# Will you be buying the new Playstation 4?



## Firky (Mar 3, 2013)

Sorry for another topic - but if I am going to be buying one, I'd like to know if there's other people I know out there getting one... so I am not a billy no mates playing online on my tod


----------



## fen_boy (Mar 3, 2013)

I voted the maybe option, but price isn't really an overriding concern for me. I just want to wait and see how it all pans out.


----------



## XR75 (Mar 3, 2013)

No, because of this.
http://www.techspot.com/news/38542-PS3-owner-gets-refund-over-Other-OS-removal.html


----------



## fen_boy (Mar 3, 2013)

Are you boycotting Sony products generally then?


----------



## Vintage Paw (Mar 3, 2013)

Meh, never say never, but certainly not immediately. I haven't played on my xbox or ps3 for ages.


----------



## starfish (Mar 3, 2013)

Said yeah. Its more a probably than a maybe. Dont think price will be an issue as ive had/got all the previous PS's.


----------



## Firky (Mar 3, 2013)

XR75 said:


> No, because of this.
> http://www.techspot.com/news/38542-PS3-owner-gets-refund-over-Other-OS-removal.html


 
I don't really get why you'd want to stick Linux on a console.


----------



## marty21 (Mar 3, 2013)

as usual will wait until the price comes down - only bought the PS3 when it was below £200


----------



## XR75 (Mar 4, 2013)

XR75 said:


> No, because of this.
> http://www.techspot.com/news/38542-PS3-owner-gets-refund-over-Other-OS-removal.html



Why?
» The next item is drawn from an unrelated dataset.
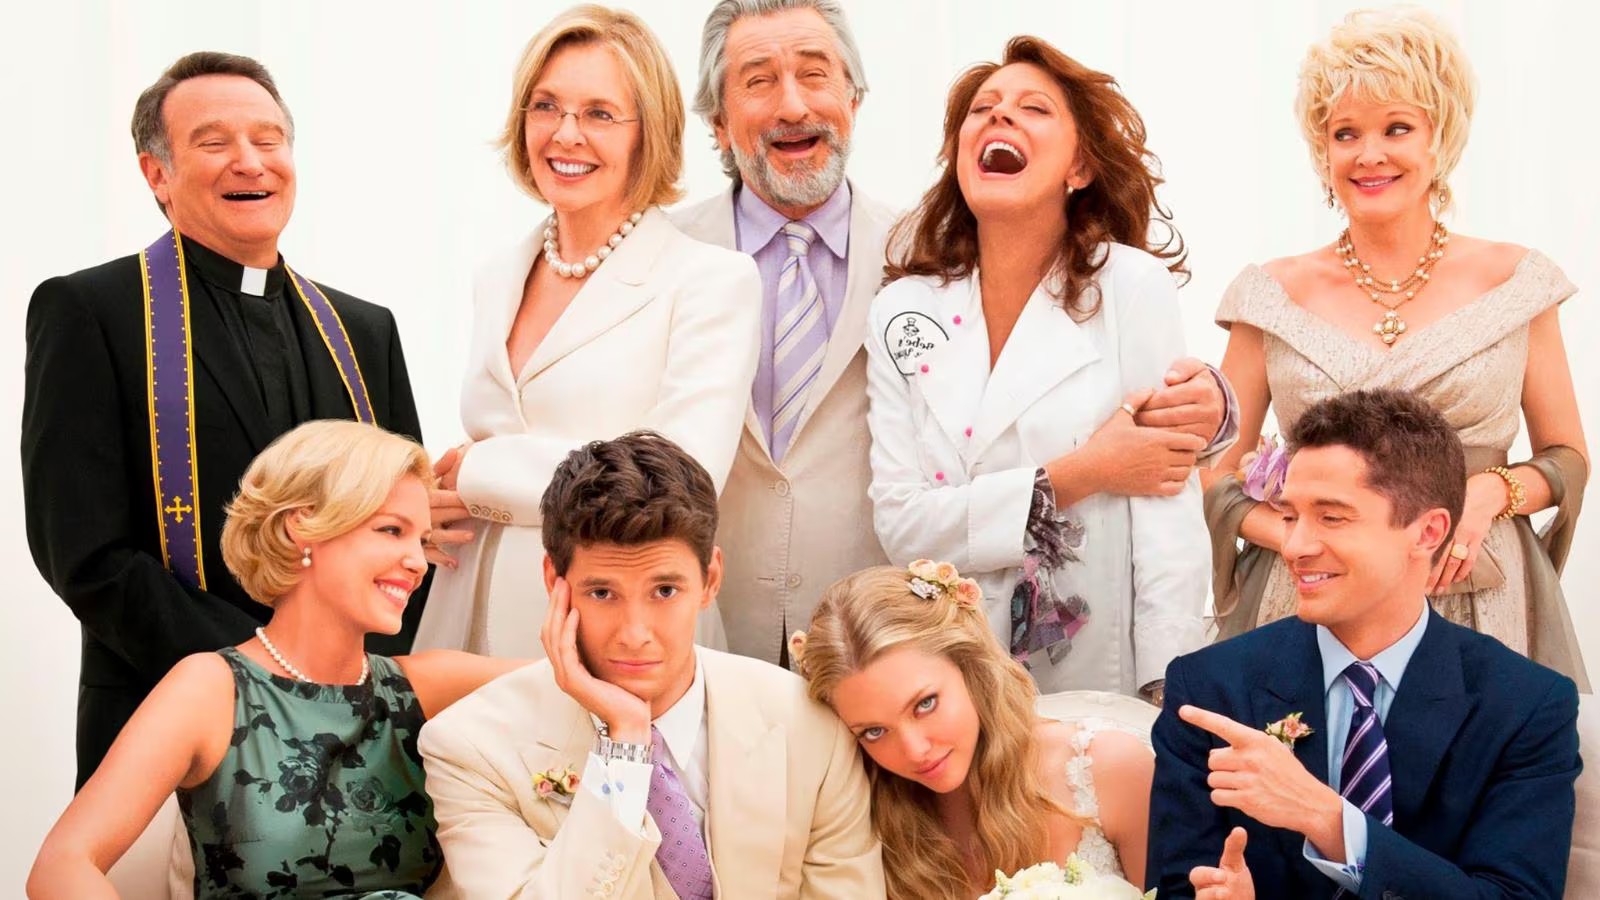 Big Wedding stasera su Nove: cast, curiosità e trama della commedia con Robert De Niro e Robin Williams

Is there anything I should be aware of?



firky said:


> I don't really get why you'd want to stick Linux on a console.



You can read the comments in that article to see why it's a problem.


----------



## Firky (Mar 4, 2013)

Aye, I read them and I just thought it was all a bit pointless putting Linux on a PS3. I am a geek but not that much of a geek


----------



## Ax^ (Mar 4, 2013)

no

its not a bad console and the spec good..

but my gawd is the playstation history of games on of the blandest catalog's in history


----------



## Sunray (Mar 5, 2013)

The problem Sony has is that over the years the exclusive title list is less than stellar so there isn't a unique selling point and the XBox has been traditionally quite a bit cheaper.

This may change but only time will tell.


----------



## mwgdrwg (Mar 6, 2013)

No, I'm done with Playstation and Xbox, becaus I'me done with shinier versions of games I've already played to death.


----------



## TopCat (Mar 6, 2013)

Much will depend on whether GTA5 will play on the PS3 or PS4.


----------



## bi0boy (Mar 6, 2013)

No because I have never owned a console in my life and I don't intend to start now.


----------



## FridgeMagnet (Mar 6, 2013)

I just don't seem to give a shit about 99.9% of the games that come out on consoles these days, and of the remaining 0.1% most are on PC too if I care to dual boot (some are even on OS X!  ) and the tiny number of games that are console only but I would like to play... I can live without.

Most of the games I play these days are cross-platform indie/artwank, or casual iOS.


----------



## Ranbay (Mar 6, 2013)

Shit poll no option for both Xbox and Playstation


----------



## Crispy (Mar 6, 2013)

FridgeMagnet said:


> I just don't seem to give a shit about 99.9% of the games that come out on consoles these days, and of the remaining 0.1% most are on PC too if I care to dual boot (some are even on OS X!  ) and the tiny number of games that are console only but I would like to play... I can live without.
> 
> Most of the games I play these days are cross-platform indie/artwank, or casual iOS.


Ditto.


----------



## Shippou-Sensei (Mar 6, 2013)

no


----------



## Shippou-Sensei (Mar 6, 2013)

Although sony does tend to get tasty looking JRPG exclusives


----------



## Firky (Mar 6, 2013)

I am not that interested in graphics anymore, there used to be a time when there was a difference but now it is debatable. Everything looks like the Frostbite 2 engine on ultra-settings that any current mid range PC can probably run.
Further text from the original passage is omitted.